それにしても噂に違わず美術がすごかった。最初三角形状のせまーい和室から始まって、確かにいい再現度だな、でもそんなに騒がれる程…?と思ってたらいやいやいや、舞台は回転式で四面あったんですよ。一場が終わって暗転、しばらくして照明がついたら……!!!ええっ転換音とか全くしなかったよ!?その後場が変わる度ひゃーとかギョーとかなって、話の内容にもギョヘーとかなっていると、終盤演者の移動とともにぐるりとその四面を回して見せられると言う。和室/ピアノ付レストラン、ぶたちゃんとひつじちゃんのおうち/父子の愛情部屋が対称位置にあるんですね。で、後者の部屋は二層になっている。その設計も面白いが、それぞれの部屋の作り込みっぷりがすごい。和室のリアルさ、他の部屋の抽象的美術、どちらもあまりにもすごすぎてなんだこれ…と思う程です。
あの、下世話な話ですけど絶対入場料で採算とれないですよね。これを作り上げる表現欲求と情熱って……作演出のタニノクロウ氏は精神科医としてのキャリアを持つ方だそうですが、同じく精神科医で現代美術コレクターでもある高橋龍太郎氏を思い出しました。そしてこれをマンション自室でやってたと言うところで日本一のリノベ劇団(笑)第七病棟を連想しましたが、タニノさんのインタヴューによるとルーツは唐さんだそうで成程と思ったりもしました。

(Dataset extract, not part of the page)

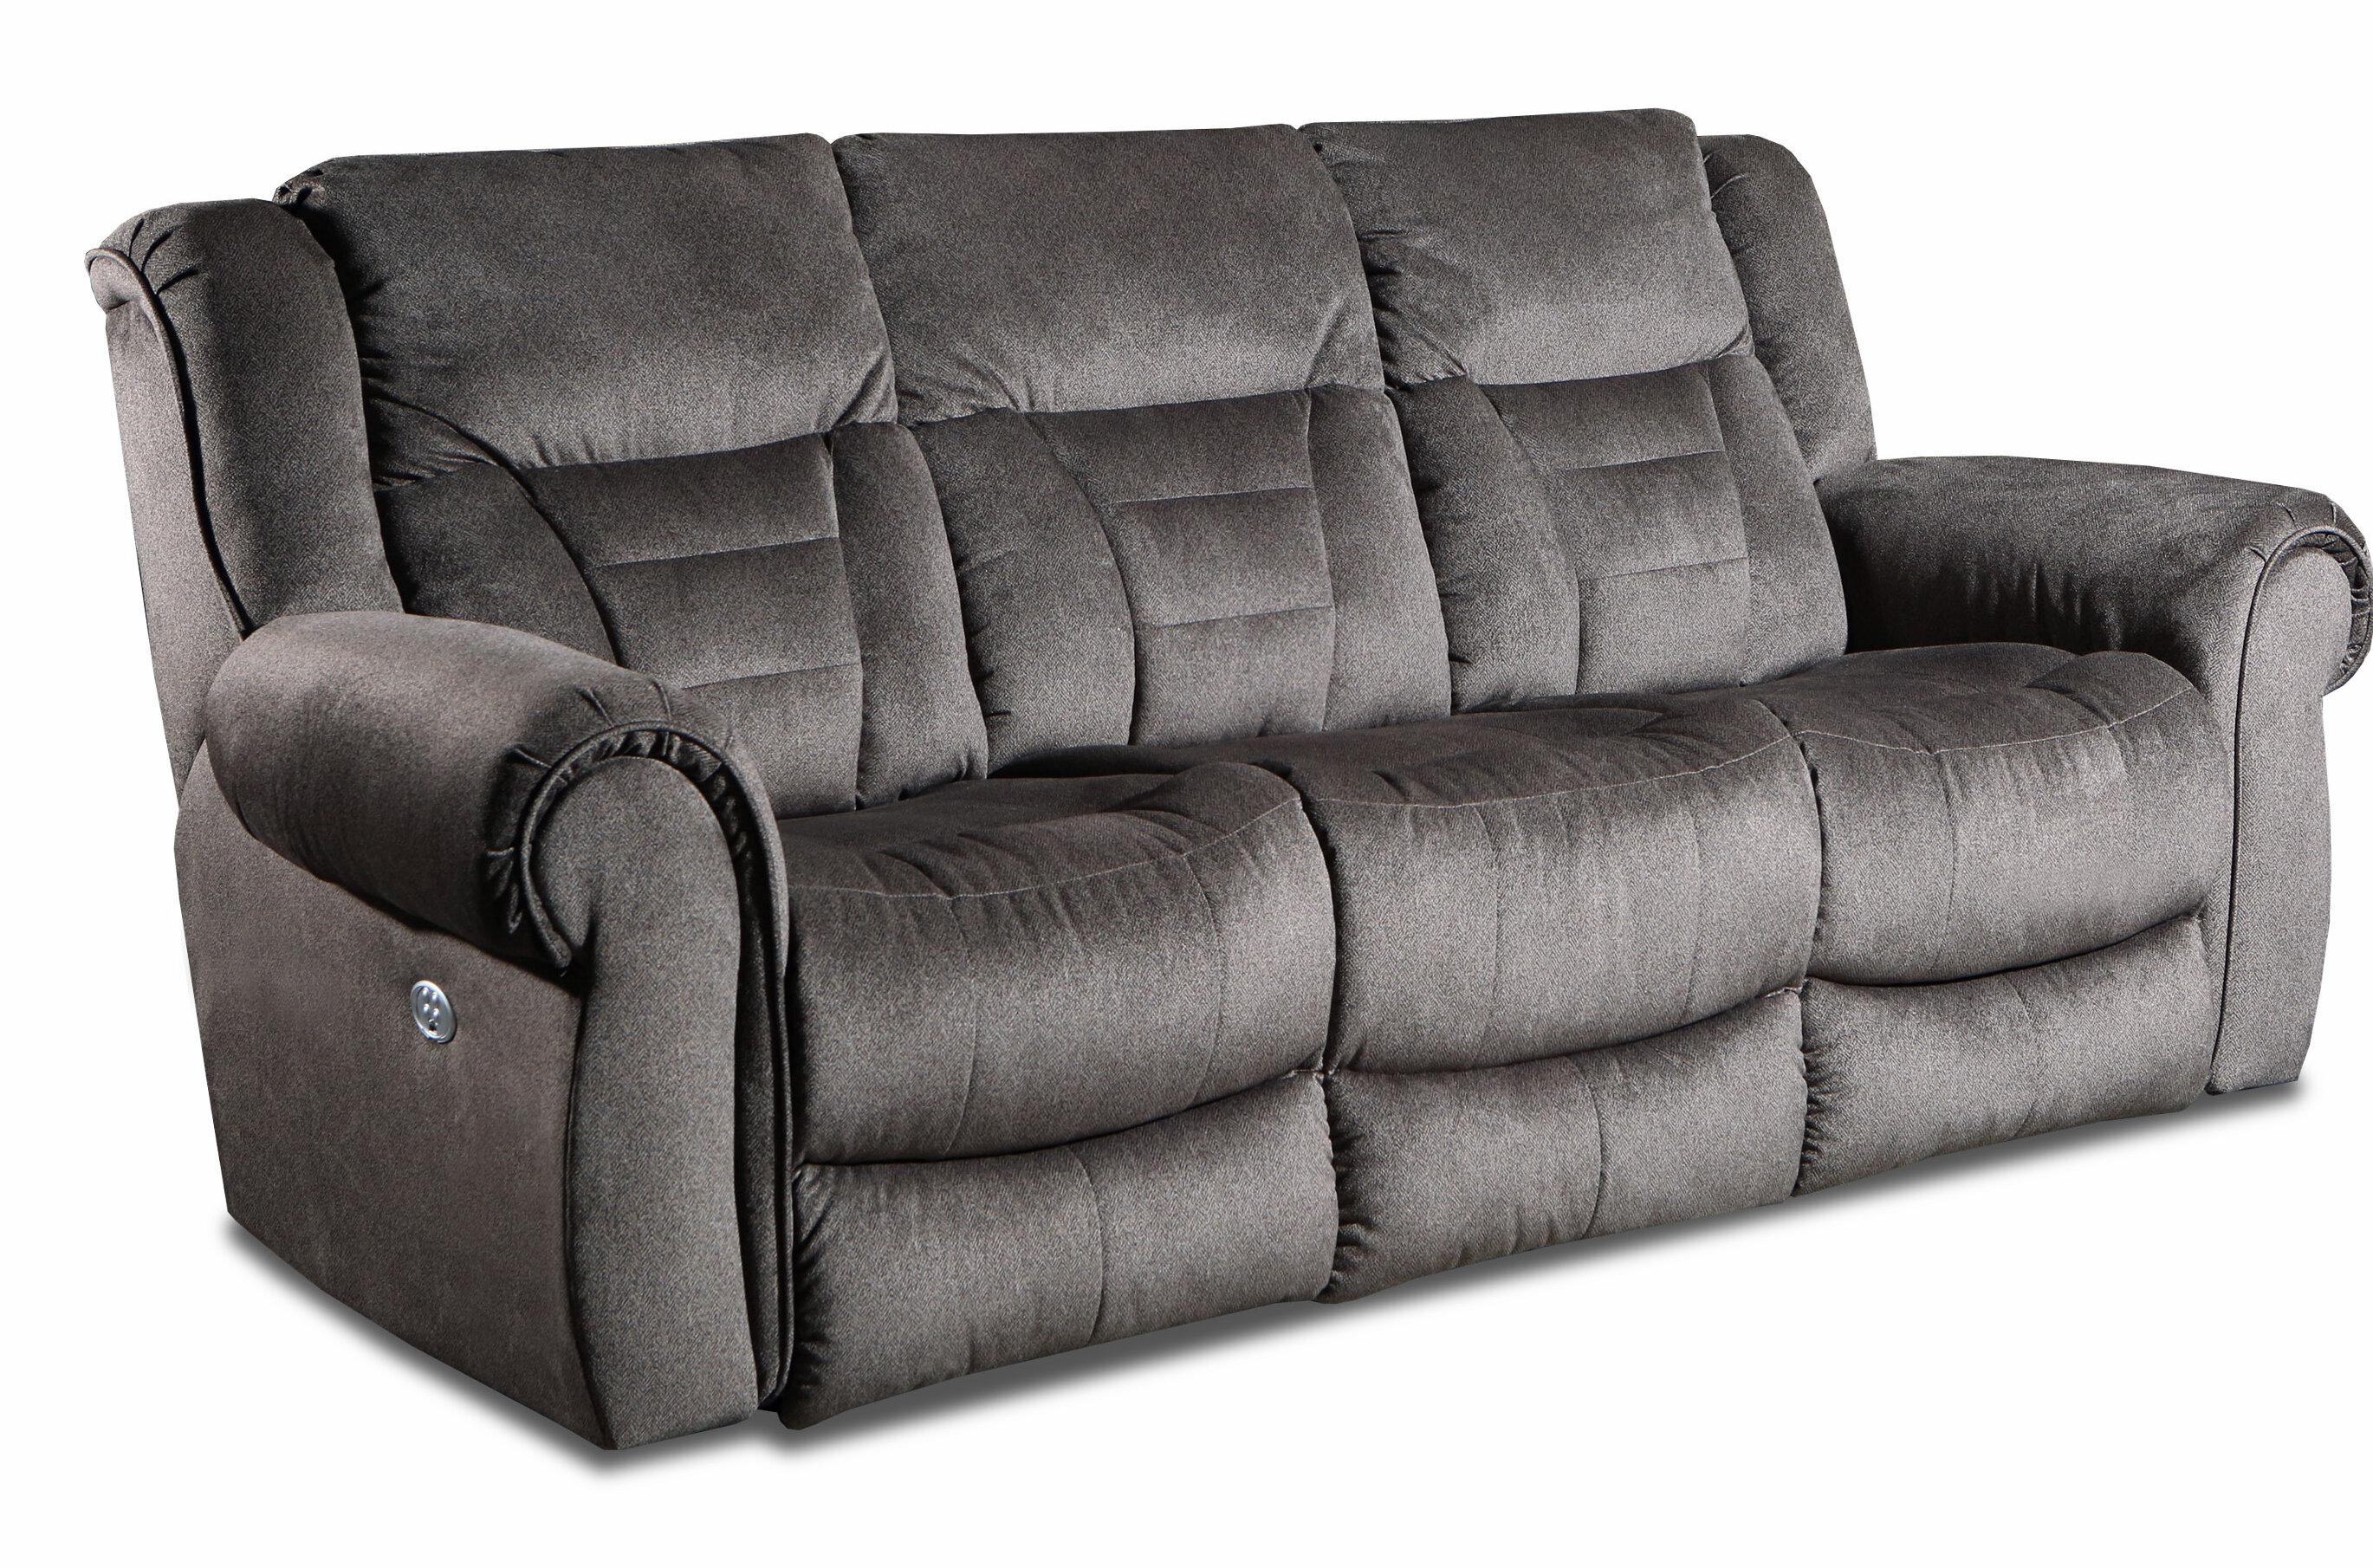 Southern Motion Titan Double Reclining Sofa Wayfair

なんだか嬉しくなっちゃった。儲けがとか話題性がとか、そういうことを意識していないように感じる。観ている方の勝手な解釈かも知れないけど、そう思わせられるクリエイションを見せてもらえるってのはすごく嬉しいことでした。しかもこんなにクオリティ高いものを。こちらももう結構スレた観劇趣味者なので、観ていてあー制作大変そうだなーこういう宣伝展開しなきゃひと呼べないのかなーでもこの宣伝あんまり功を奏してないよなー客と言うよりお金を呼びたい興行なのかなーなんて思ってしまう舞台ってあるのです。綺麗ごと言ってんじゃないわ、お金を呼んでこその興行でしょうがとも思いますが、あまりにもそれが透けて見えてしまうとね……。このバランスってとても難しい。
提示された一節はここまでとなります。